**What is required:**
Where the lines below hold images, skip those and copy every word exactly.

**Source data:**

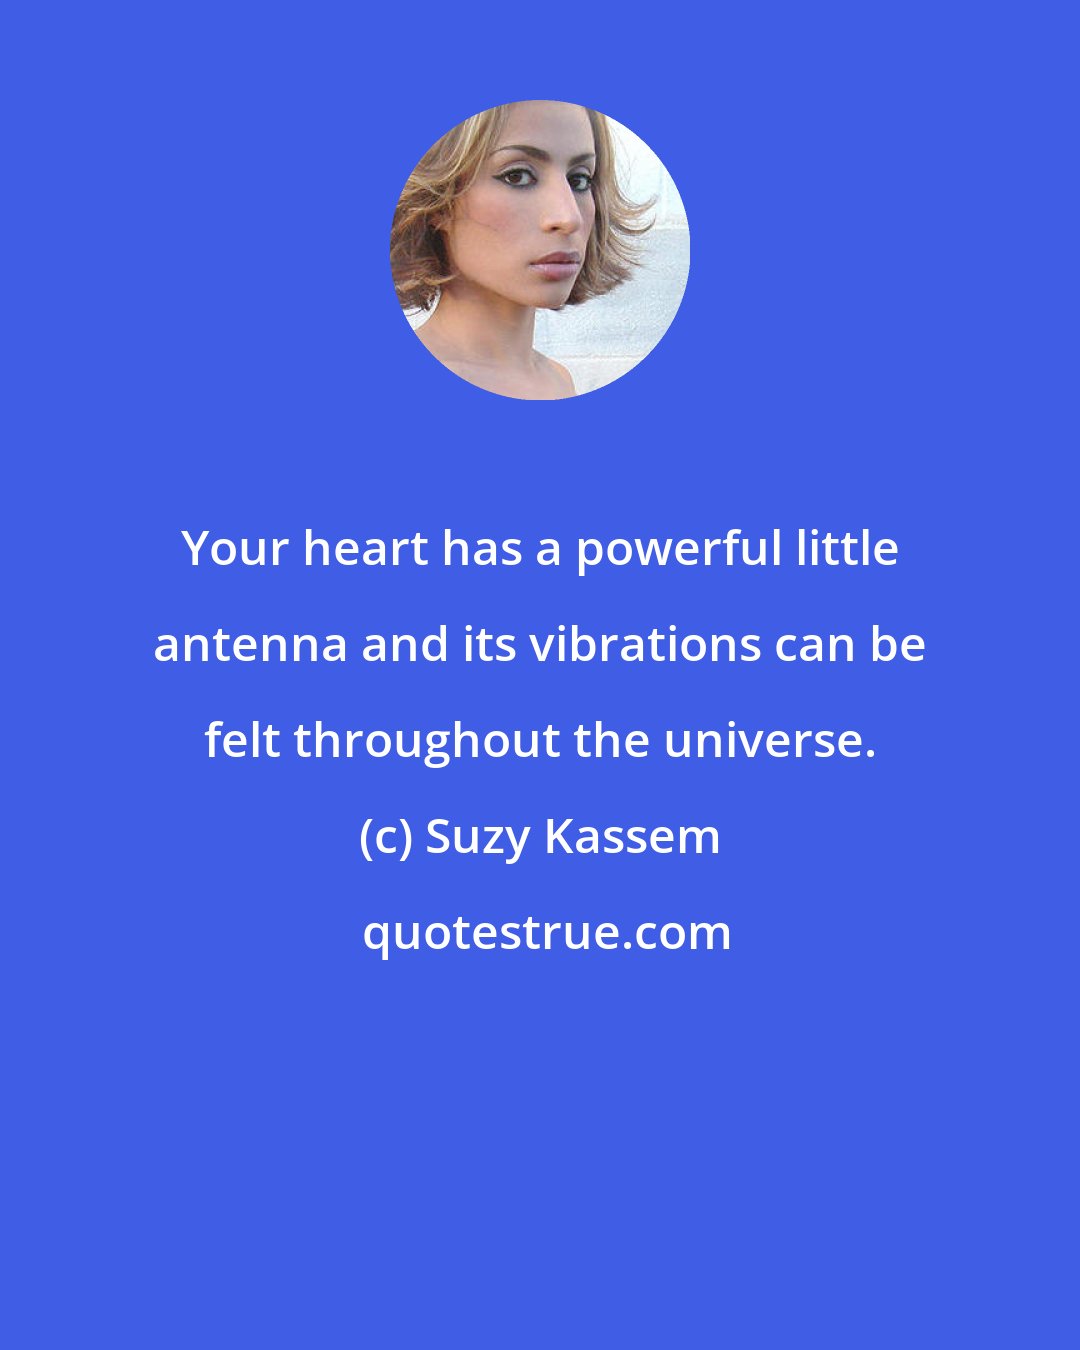 Suzy Kassem: Your heart has a powerful little antenna and its vibrations can be felt throughout the universe.
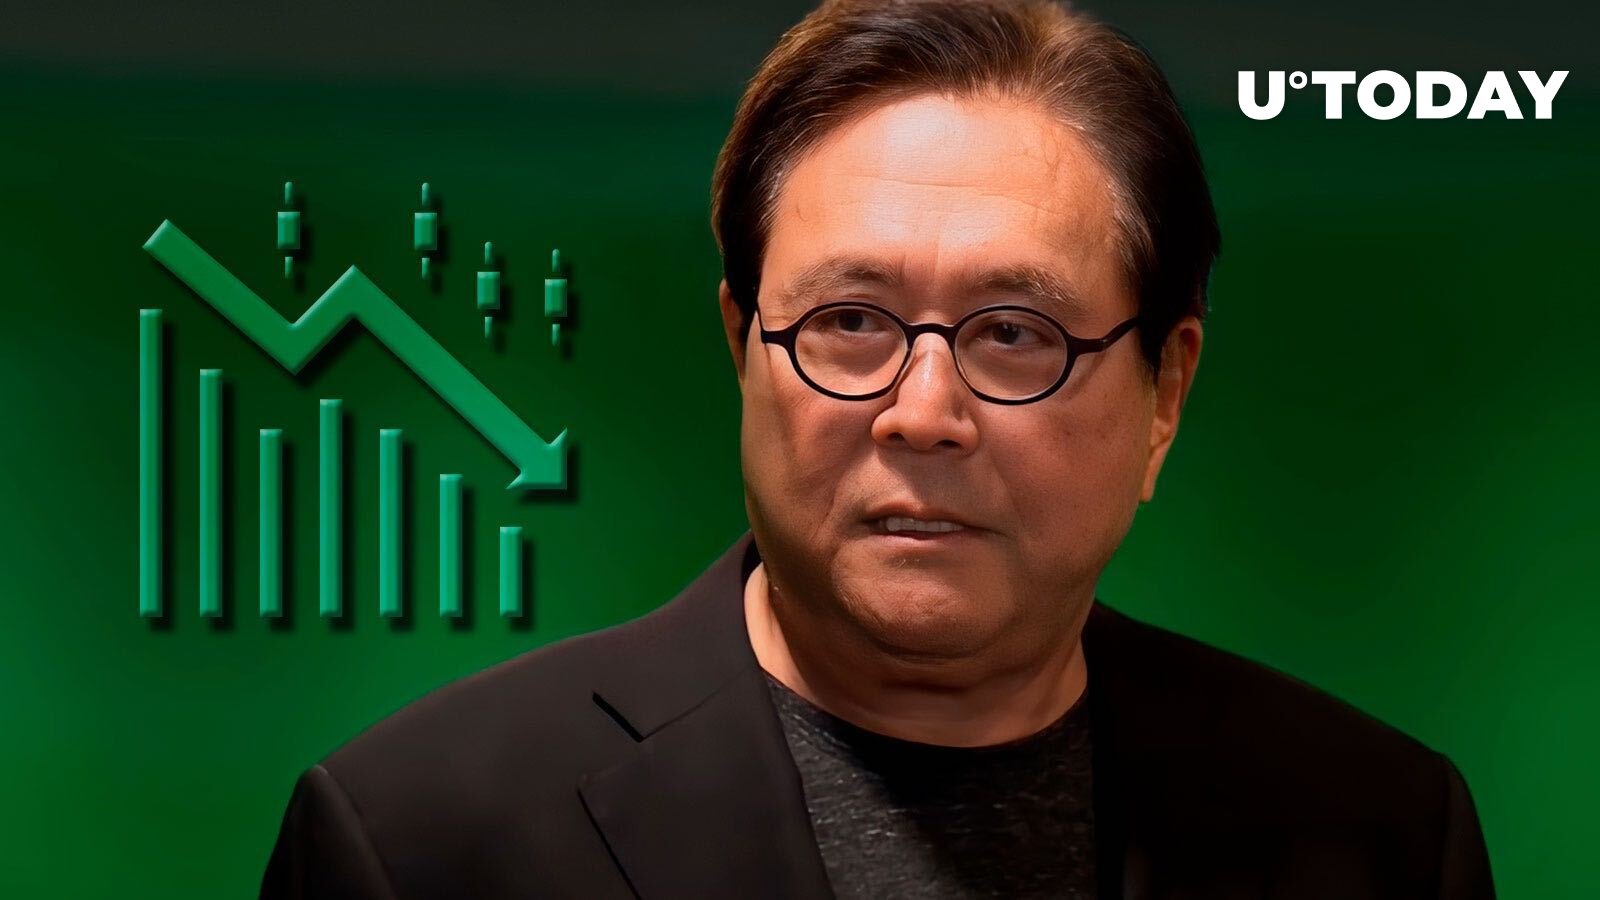 “Rich Dad, Poor Dad” Author Kiyosaki Says Market Crash He Foretold in 2013 Is Here and It’s Time to Get Richer
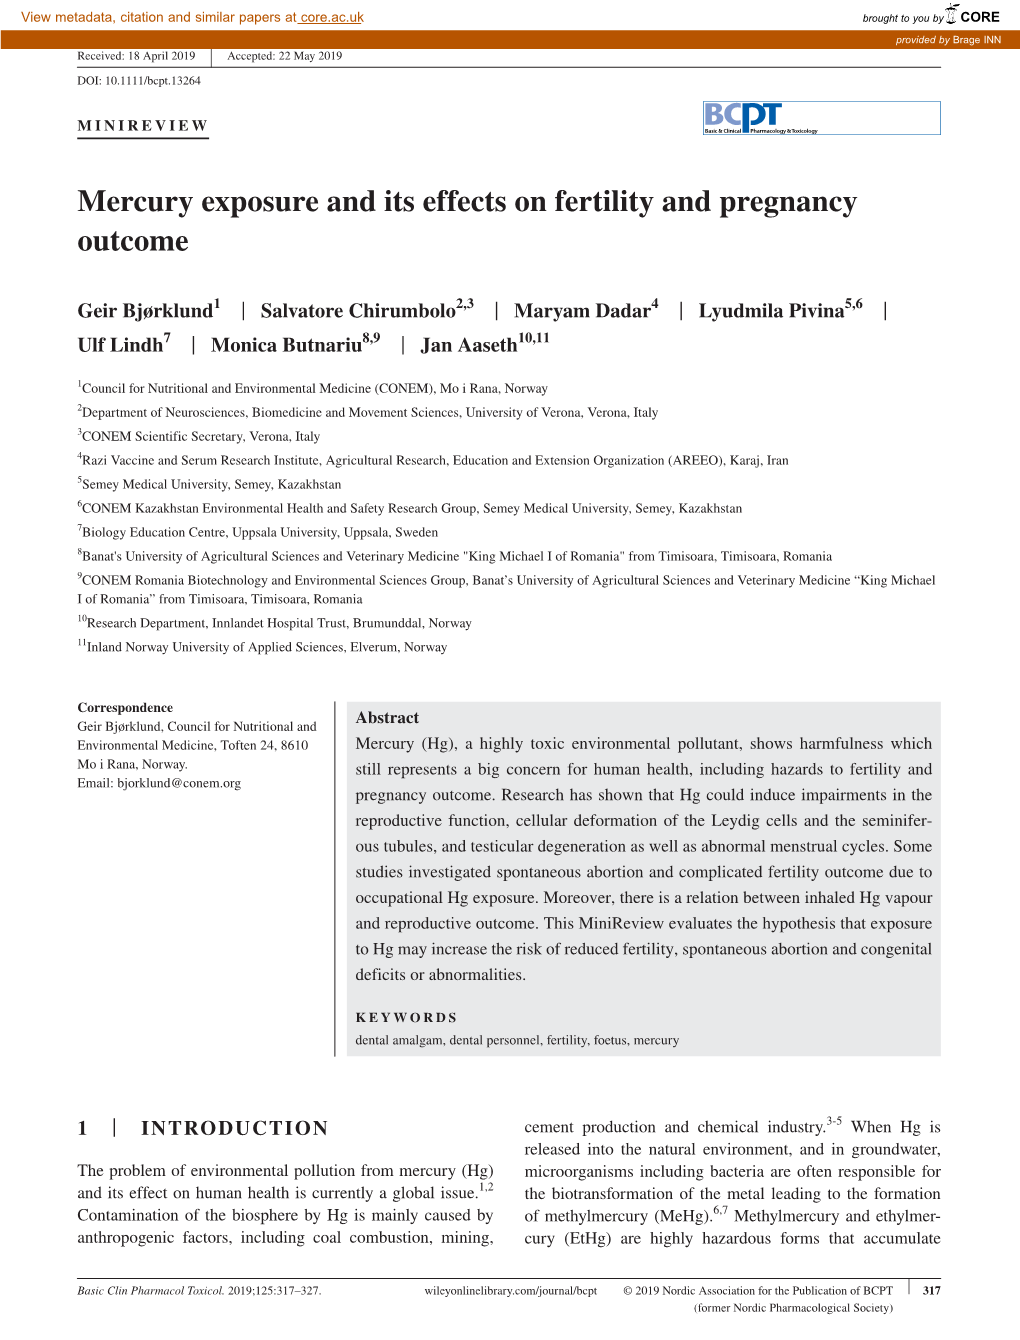 Mercury Exposure and Its Effects on Fertility and Pregnancy Outcome

**Output of the task:**
 Suzy Kassem: Your heart has a powerful little antenna and its vibrations can be felt throughout the universe.
 “Rich Dad, Poor Dad” Author Kiyosaki Says Market Crash He Foretold in 2013 Is Here and It’s Time to Get Richer
 Mercury Exposure and Its Effects on Fertility and Pregnancy Outcome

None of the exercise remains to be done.